_Exercise objective_
The answer is all of the data repeated exactly, with each picture omitted.

_Collected data_
*** Begin section ***
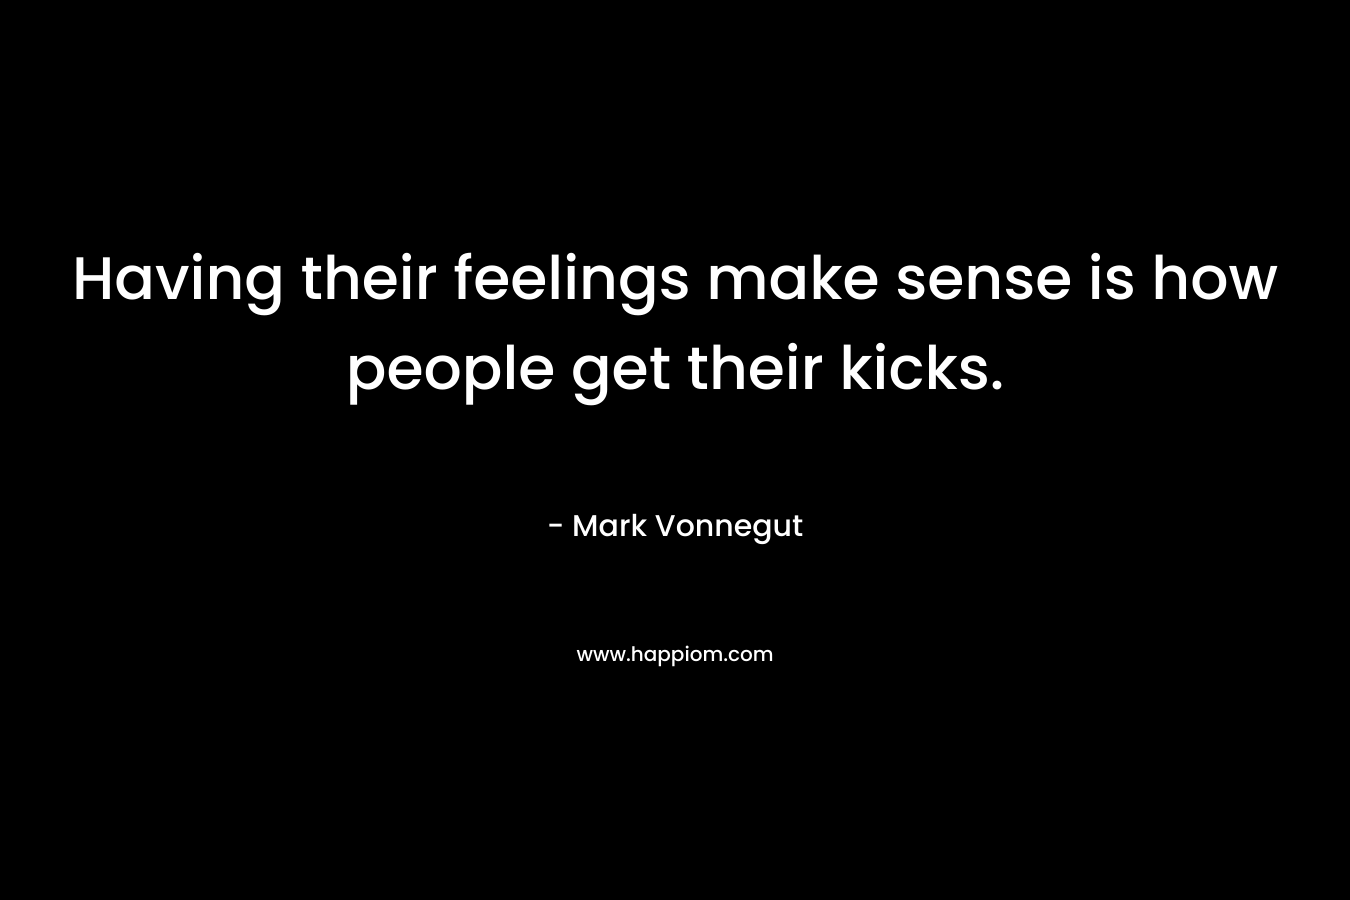 Having their feelings make sense is how people get their kicks.
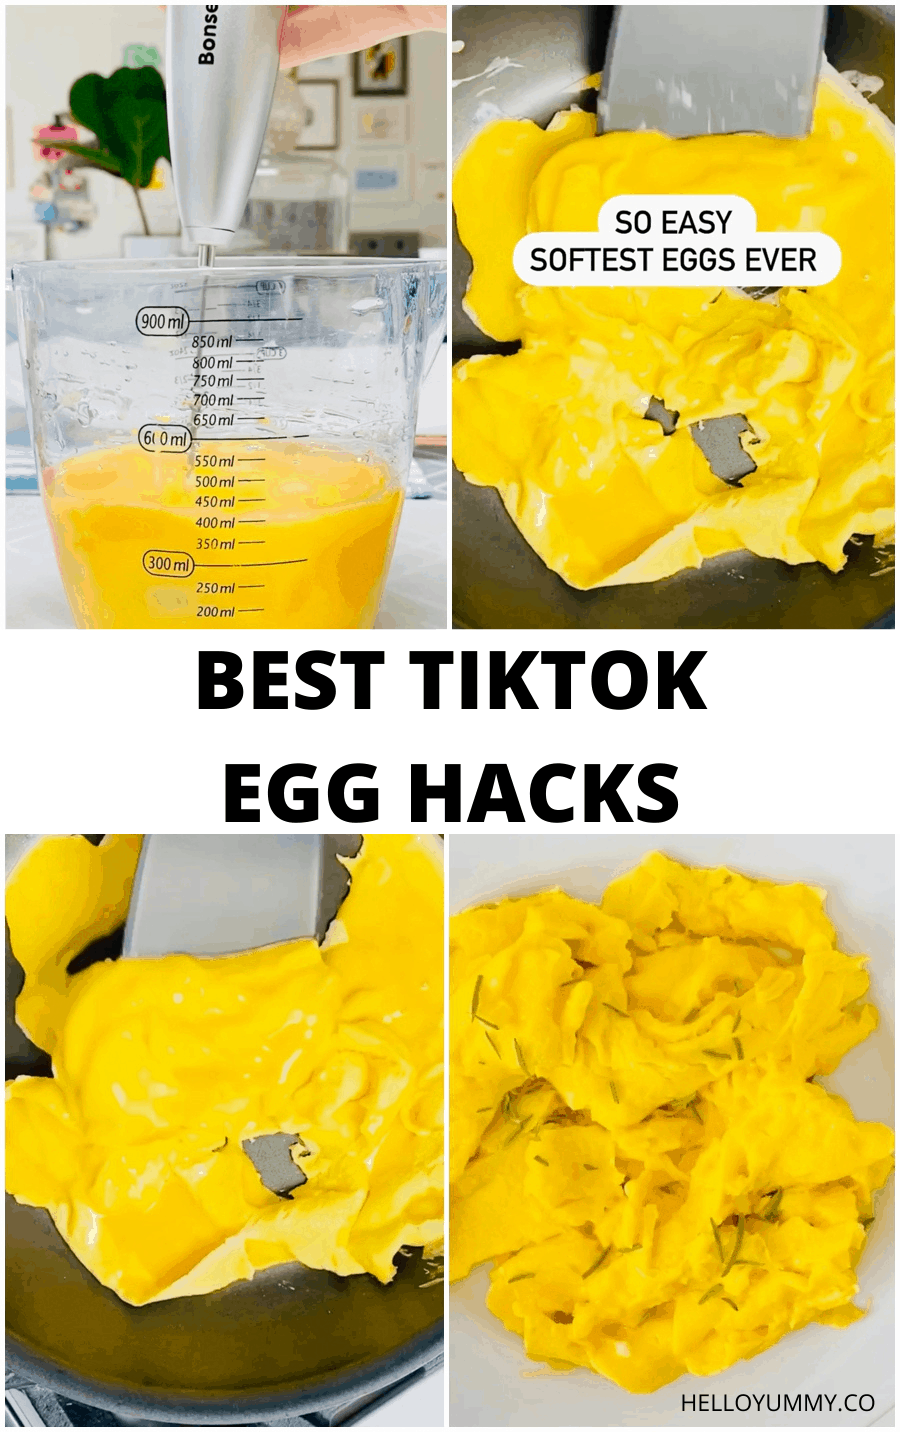 Best TikTok Egg Hacks
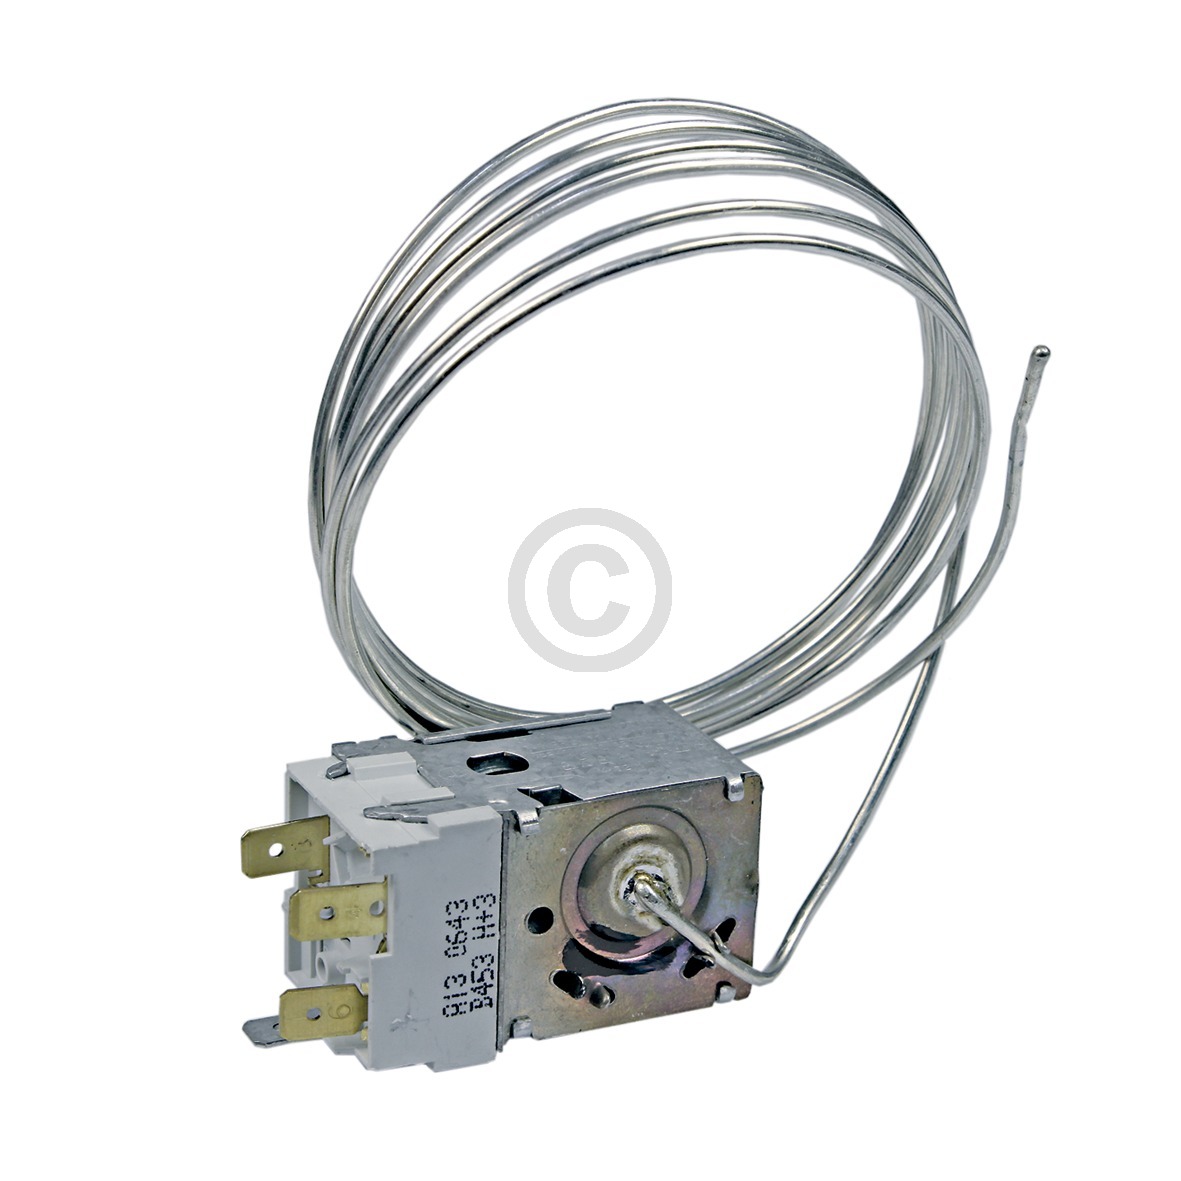 Thermostat K59-L2139/500 Ranco 1600mm Kapillarrohr 3x6,3mm AMP Whirlpool
*** End section ***
_Response_
 Having their feelings make sense is how people get their kicks.
 Best TikTok Egg Hacks
 Thermostat K59-L2139/500 Ranco 1600mm Kapillarrohr 3x6,3mm AMP Whirlpool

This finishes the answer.